* [DATA PROVIDED]
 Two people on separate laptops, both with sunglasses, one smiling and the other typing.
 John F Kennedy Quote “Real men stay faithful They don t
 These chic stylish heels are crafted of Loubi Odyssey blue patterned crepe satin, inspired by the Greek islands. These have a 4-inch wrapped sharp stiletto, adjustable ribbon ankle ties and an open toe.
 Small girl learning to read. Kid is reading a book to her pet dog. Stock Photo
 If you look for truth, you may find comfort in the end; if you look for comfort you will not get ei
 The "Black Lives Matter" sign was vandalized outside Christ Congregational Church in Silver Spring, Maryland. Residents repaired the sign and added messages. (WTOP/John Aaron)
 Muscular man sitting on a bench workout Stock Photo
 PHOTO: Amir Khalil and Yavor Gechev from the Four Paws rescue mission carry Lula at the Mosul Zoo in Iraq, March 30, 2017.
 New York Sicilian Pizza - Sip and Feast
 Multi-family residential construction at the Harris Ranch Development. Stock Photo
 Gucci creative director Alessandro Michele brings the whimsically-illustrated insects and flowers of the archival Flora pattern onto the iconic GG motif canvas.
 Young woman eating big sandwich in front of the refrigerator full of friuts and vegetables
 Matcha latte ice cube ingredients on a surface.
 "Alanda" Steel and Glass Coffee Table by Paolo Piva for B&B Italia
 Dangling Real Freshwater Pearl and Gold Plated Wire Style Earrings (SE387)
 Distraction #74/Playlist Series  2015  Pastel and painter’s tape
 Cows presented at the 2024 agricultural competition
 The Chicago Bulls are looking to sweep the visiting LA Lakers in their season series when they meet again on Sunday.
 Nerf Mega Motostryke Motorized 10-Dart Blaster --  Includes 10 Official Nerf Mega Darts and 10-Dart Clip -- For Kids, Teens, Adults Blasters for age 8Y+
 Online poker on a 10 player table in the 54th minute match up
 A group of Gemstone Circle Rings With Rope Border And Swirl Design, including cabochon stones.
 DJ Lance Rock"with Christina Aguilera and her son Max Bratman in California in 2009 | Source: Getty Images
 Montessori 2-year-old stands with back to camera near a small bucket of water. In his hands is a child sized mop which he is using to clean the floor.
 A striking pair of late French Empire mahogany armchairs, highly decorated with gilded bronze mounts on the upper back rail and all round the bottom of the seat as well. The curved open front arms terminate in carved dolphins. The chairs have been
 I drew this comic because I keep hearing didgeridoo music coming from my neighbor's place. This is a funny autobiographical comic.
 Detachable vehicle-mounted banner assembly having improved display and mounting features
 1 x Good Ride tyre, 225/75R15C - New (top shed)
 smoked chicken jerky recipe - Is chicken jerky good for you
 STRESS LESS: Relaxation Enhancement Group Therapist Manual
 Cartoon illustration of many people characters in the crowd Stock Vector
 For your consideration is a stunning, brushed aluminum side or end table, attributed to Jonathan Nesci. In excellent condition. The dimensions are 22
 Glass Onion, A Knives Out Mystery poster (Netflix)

* [EXERCISE AIM] Whatever else the listing above holds, retype exactly only the lines from the one containing "Source: Getty Images" to the one containing "Cartoon illustration of", both ends kept.

* [REPLY]
 DJ Lance Rock"with Christina Aguilera and her son Max Bratman in California in 2009 | Source: Getty Images
 Montessori 2-year-old stands with back to camera near a small bucket of water. In his hands is a child sized mop which he is using to clean the floor.
 A striking pair of late French Empire mahogany armchairs, highly decorated with gilded bronze mounts on the upper back rail and all round the bottom of the seat as well. The curved open front arms terminate in carved dolphins. The chairs have been
 I drew this comic because I keep hearing didgeridoo music coming from my neighbor's place. This is a funny autobiographical comic.
 Detachable vehicle-mounted banner assembly having improved display and mounting features
 1 x Good Ride tyre, 225/75R15C - New (top shed)
 smoked chicken jerky recipe - Is chicken jerky good for you
 STRESS LESS: Relaxation Enhancement Group Therapist Manual
 Cartoon illustration of many people characters in the crowd Stock Vector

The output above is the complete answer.